The timber used for the table frame, in the cutting list below is ex 100x50 dressed treated pine.
This timber is available at most timber merchants.
Instructions. Upper and lower frames
Make up both the table top support upper frame (d, d1, d2) and the seat support lower frame (c, c1, c2), on flat ground using the materials in the cutting list above.
The centre of both frames should be fixed as shown in drawing below, and the end outer points of the frames (6 each frame) should be equal distances apart.
Nail two metal strap plates to the top side and to the underside of both frames (8 strap plates in all). See drawing below.
To see enlarged table top and seat board lay-out plan click here
Instructions. Seat and table top boards.
Mark out from the centre of both frames (measurements shown in diagram below) along
every arm of the two frames. These are used as guides for placing the boards.
Nail the cut tabletop boards (A's) to the upper frame (D's) beginning with the
outer boards (longest boards). Ensure the joins are in the middle of the frame arms and equal distance
from the center point of the frame. Continue around the frame with the next
longest board and so on until the table top is complete.
Do the lower (seat) frame (C's) in the same way using the cut seat boards (B's).

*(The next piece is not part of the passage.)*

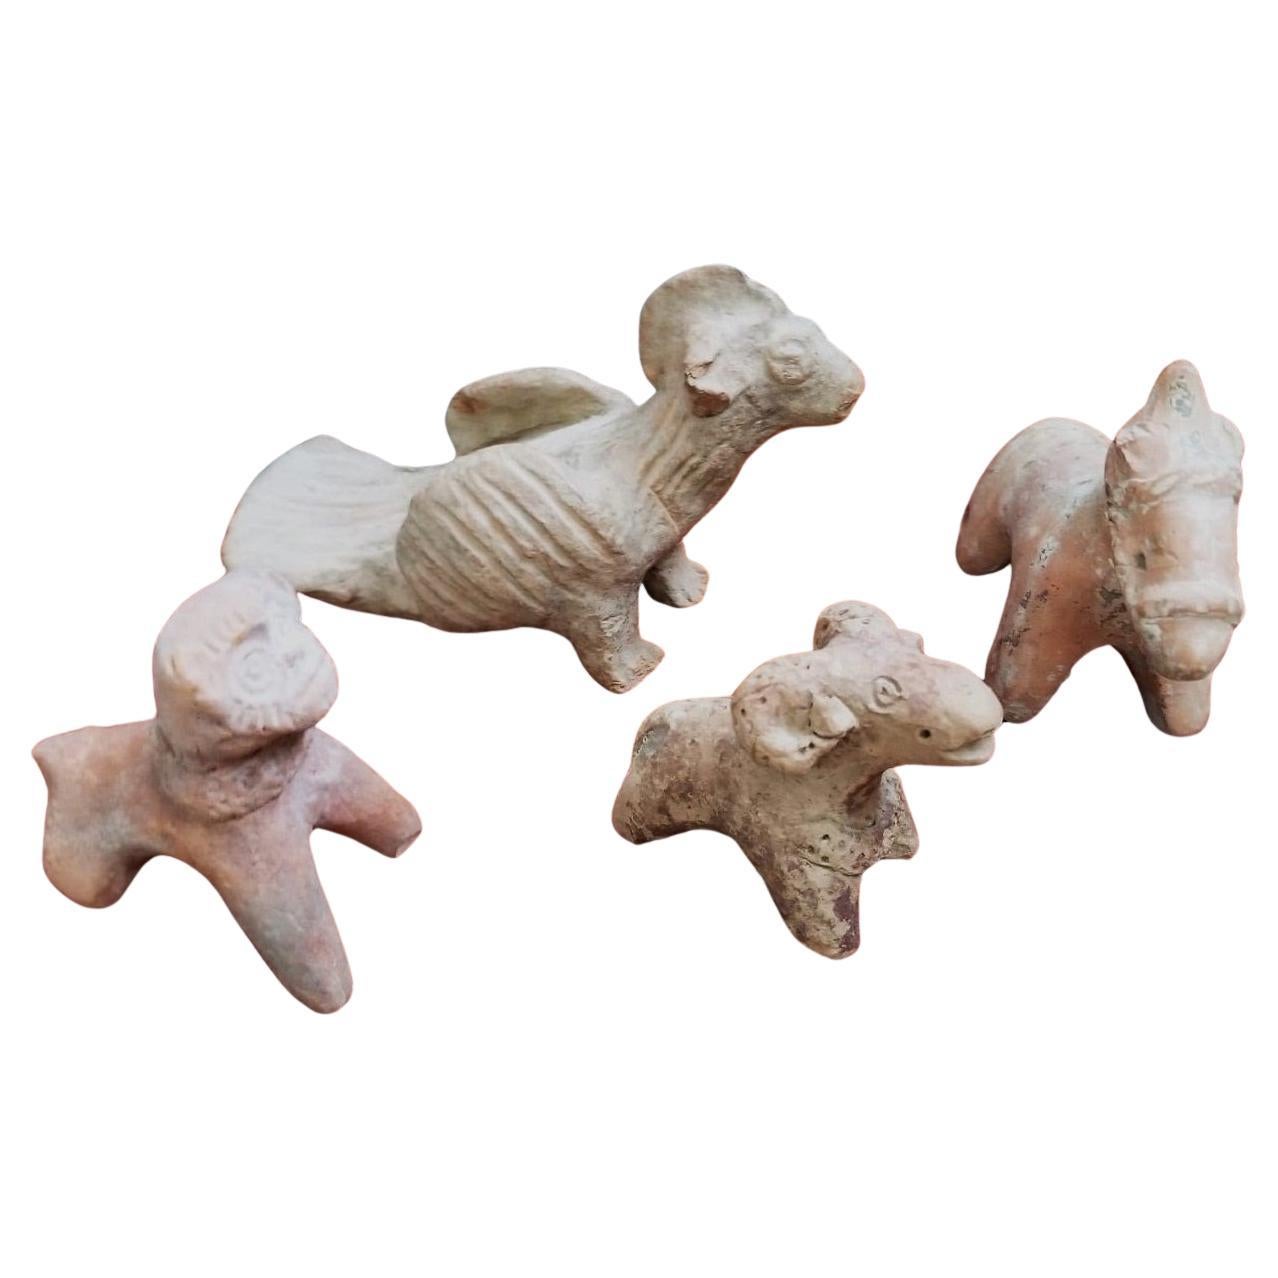 1st Century BC Group of 4 Terracotta Animals from Indus Valley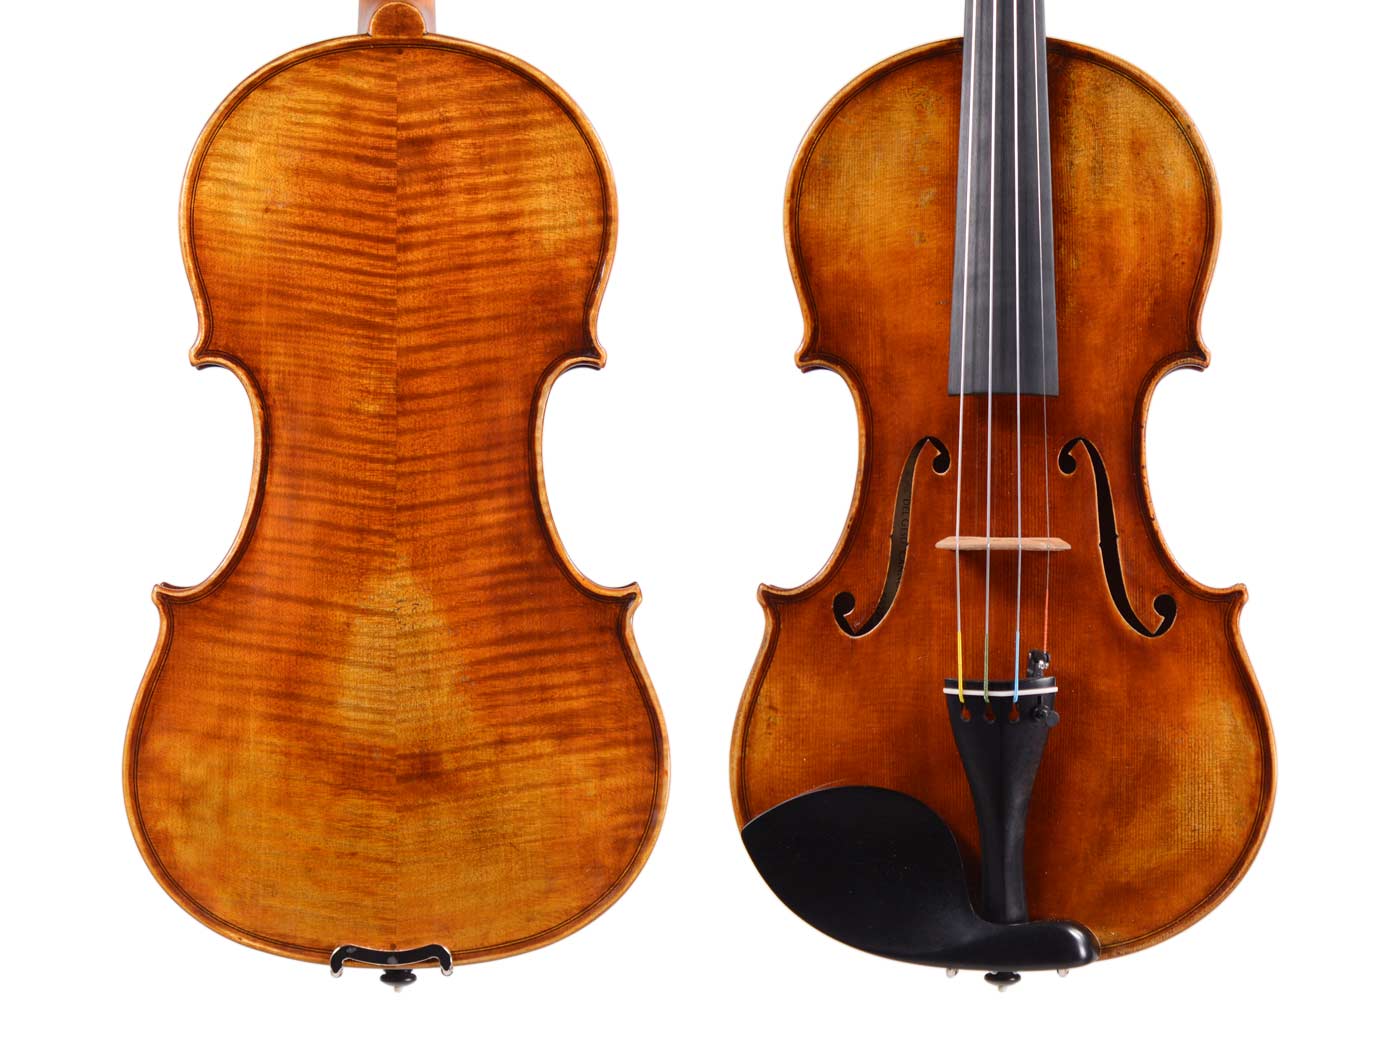 Like A Good Old Leather Couch: Behind The Craft of Antiquing Violins

Use 90mm galvanized flathead nails to fix the boards to the frame. Drill
nail holes first to keep timber from splitting.
Instructions. The legs.
Lay the finished table top upside down on flat ground.
Position the finished seat frame upside down above the tabletop.
Place packers or blocks under the seat frame so that the seat frame sits 315mm above ground.
Position the legs in place as per below drawing. Hold with clamps, drill and bolt.